In early February 2016 Obama spokesman Josh Earnest said this about calling the slaughter of Christians genocide:
White House Press Secretary Josh Earnest admitted Thursday that the Obama administration's hesitation to label the Islamic State's persecution of Christians and other religious minorities as "genocide" is because of the legal ramifications behind such a designation. (White House Details Why Obama Won't Call ISIS' Slaughtering of Christians 'Genocide'; By SAMUEL SMITH; Christian Post; 2/5/16 11:13 am)
He said WHAT? “Legal Ramifications”!
Christians and other non-Muslims (ISIS classifies Shias as non-Muslims also) are being slaughtered en masse and Obama is looking at the legal ramifications of labeling the slaughter as genocide.
The Christian Post further reports Earnest’s representation of Obama:
… Earnest assured that "administration lawyers" were looking into the possibility of a genocide designation.
"There are lawyers considering whether or not that term can be properly applied in this scenario," Earnest said. "What is clear and what is undeniable and what the president has now said twice in the last 24 hours is that we know that there are religious minorities in Iraq and in Syria, including Christians, that are being targeted by ISIL terrorists because of their religion and that attack on religious minorities is an attack on all people of faith and it is important for all of us to stand up and speak out about it." (Ibid.)
So it is important for Obama to bring Muslims displaced by war in Syria-Iraq for their safety BUT he has to think about it when it comes to Christians being slaughtered by Muslims.
Obama wants to look the other way while Christians are killed yet he made sure to assure American voters he was a Christian prior to his 2008 election. Before his 2008 election as President he was concerned enough of what Americans thought about his faith that he went out of his way to let voters know he was a committed Christian:
"I've been to the same church _ the same Christian church _ for almost 20 years," Obama said, stressing the word Christian and drawing cheers from the faithful in reply. "I was sworn in with my hand on the family Bible. Whenever I'm in the United States Senate, I pledge allegiance to the flag of the United States of America. So if you get some silly e-mail ... send it back to whoever sent it and tell them this is all crazy. Educate." (Obama sets record straight on his religion; By AP; NBCNews.com; updated 1/21/2008 10:49:46 AM ET)
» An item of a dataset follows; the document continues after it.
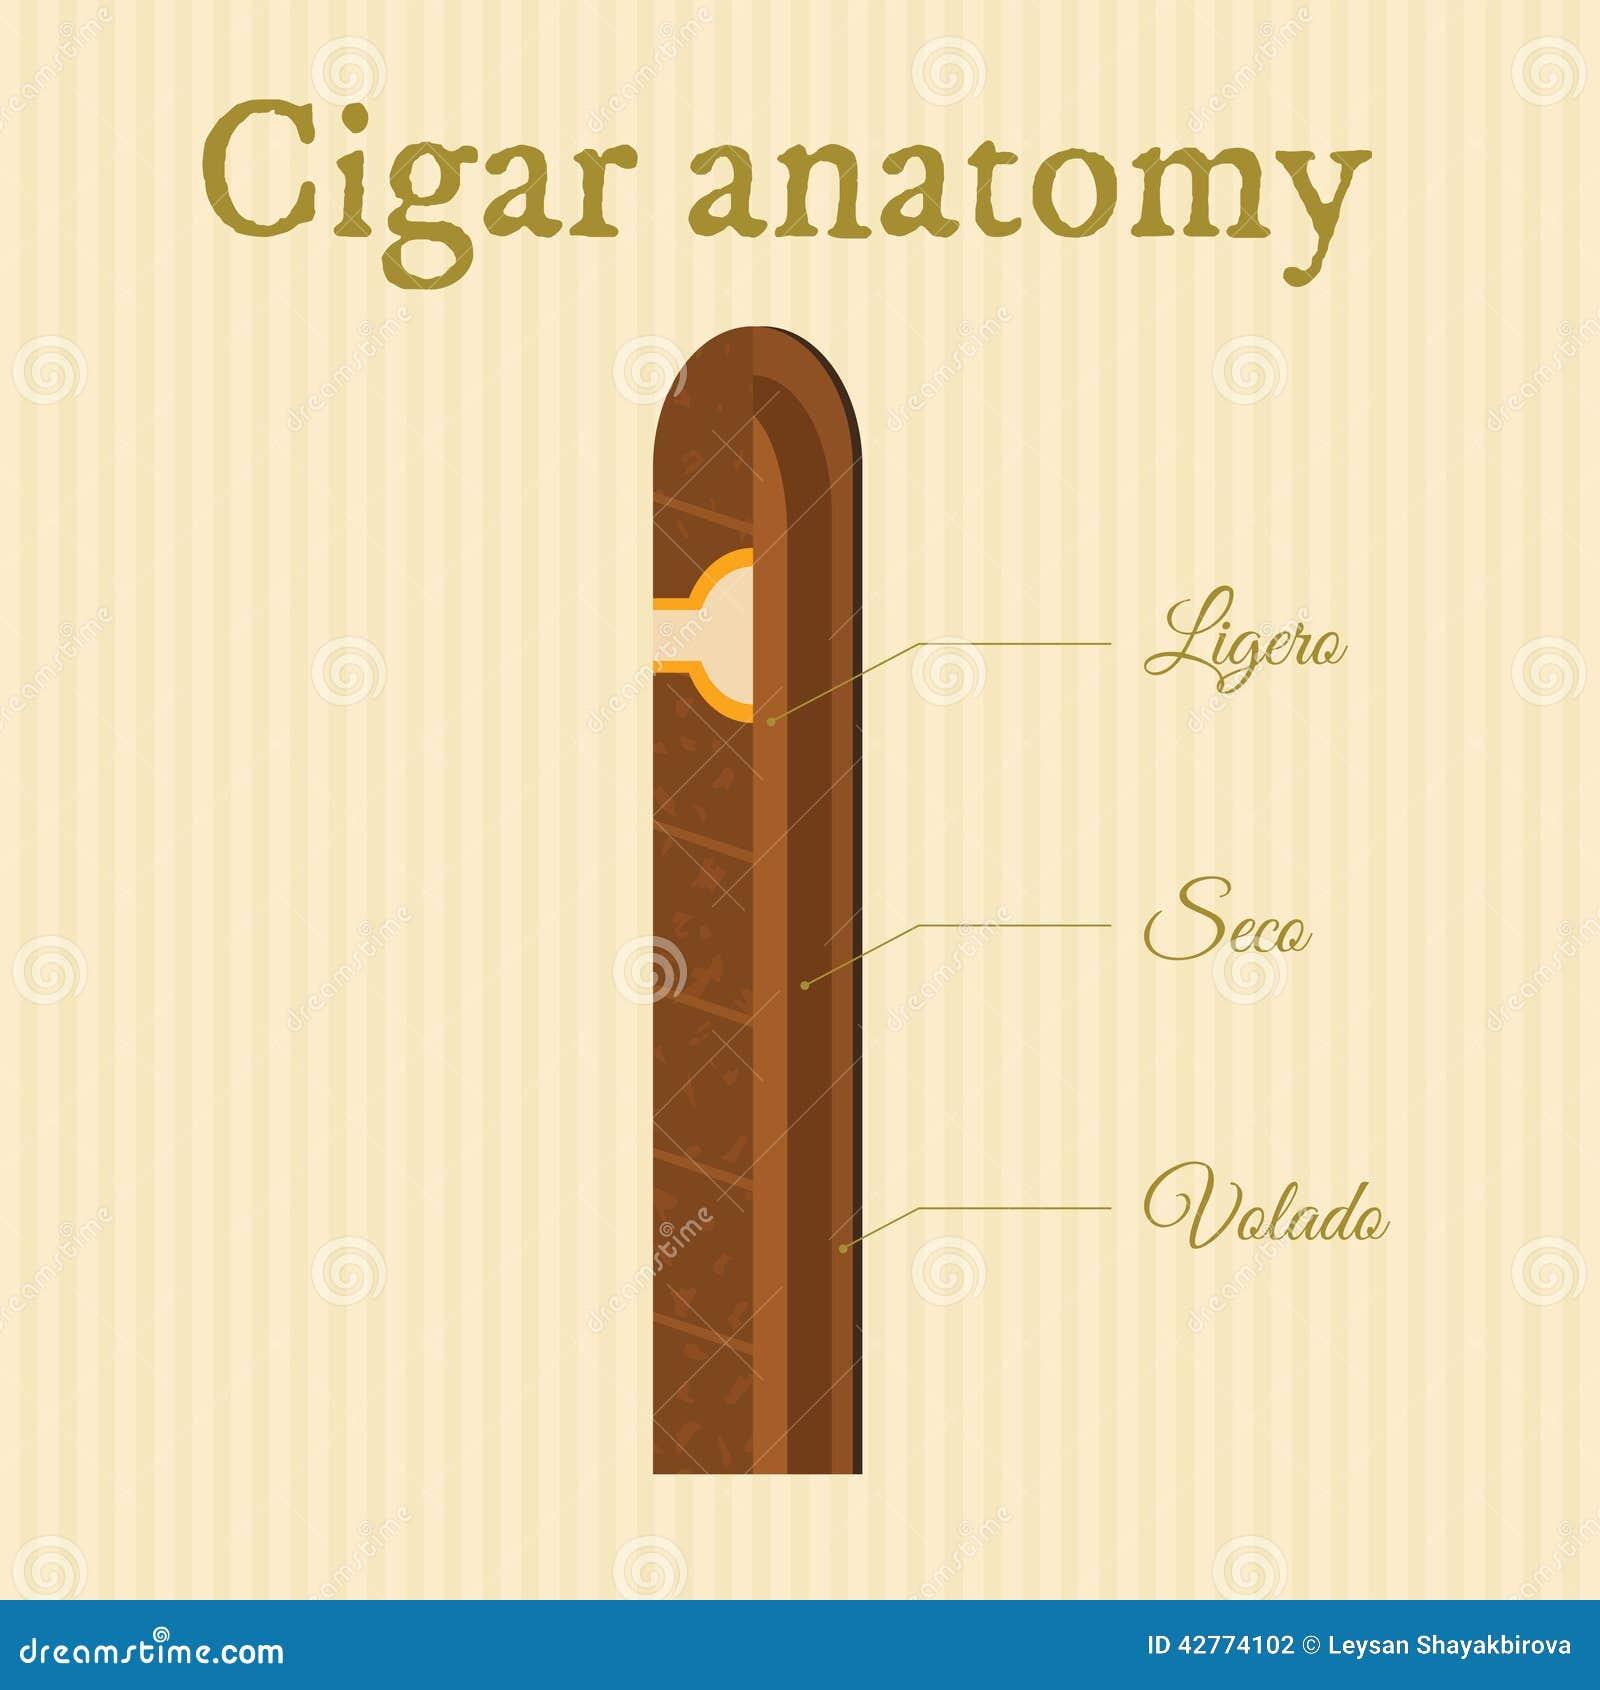 Cigar anatomy stock vector. Illustration of label, illustration ...

Obama was the 20-year member of a Church pastored by Jeremiah Wright who preached Black Liberation Theology – Hate Whitey and G-d damn America – and was cozy with Father Pfleger and racist anti-Semite Black Muslim leader Louis Farrakhan.
I think this gives a bit more insight into Obama checking into the legal ramifications of naming the extermination of Christians as genocide in the Middle East.
So what exactly is wrong with stating the obvious about genocide in the Middle East? The obvious is Islam promotes war with the West and these days against Israel and America the land of the free and the home of the brave (unless Obama screws up America more than any real American can fix). So let’s get over offending Islam and perhaps really begin offending the haters of America with WWII-style rules of engagement and smack these guys around even if civilians foolish enough to support radical Muslim movements or governments get in the way.
But John, one might say, that’s not politically correct when we should respect diverse peoples and cultures in this new global age we live in.
Man that is some horse-pucky that will end the American way of life before Obama transformationists do.
Well John, another might say, can you name anytime in America’s history when war or military action was used because of the doctrines of Islam? Why should Obama be the first American President to understand that Islamic doctrines are not only harmful to American National Security but also to American Interests at home and abroad?
Some trace the lineage of the Democratic Party back to an earlier President. So it is a bit insightful to understand the political climate that President lived in to make a decision about Islam.
That early President was Thomas Jefferson the third person to hold the Office of POTUS. He was elected to two terms of Office serving between 1801 – 1809. As one of the Founding Fathers Jefferson penned the text to the Declaration of Independence. Jefferson wasn’t directly involved at the Constitutional Convention that eventually formed the Constitution our nation has operated under since 1789. Jefferson’s lack of involvement was largely due to his diplomatic status to France first as a trade commissioner and eventually ambassadorial role replacing Benjamin Franklin.
Although Jefferson had no direct tie to the making of the Constitution he was still an influence because the primary framer of the Constitution – James Madison – modeled the framework a lot from Virginia’s State Constitution in which Jefferson was very involved in.
This excerpt from Constitution Daily sums up Jefferson’s thoughts from France on the new Constitution while the then 13 States debated its ratification:
While in Paris before the Constitutional Convention, Jefferson closely followed developments in the United States. He corresponded with individuals who would eventually contribute to the formation of the Constitution, like Madison and John Jay, an author of the Federalist Papers.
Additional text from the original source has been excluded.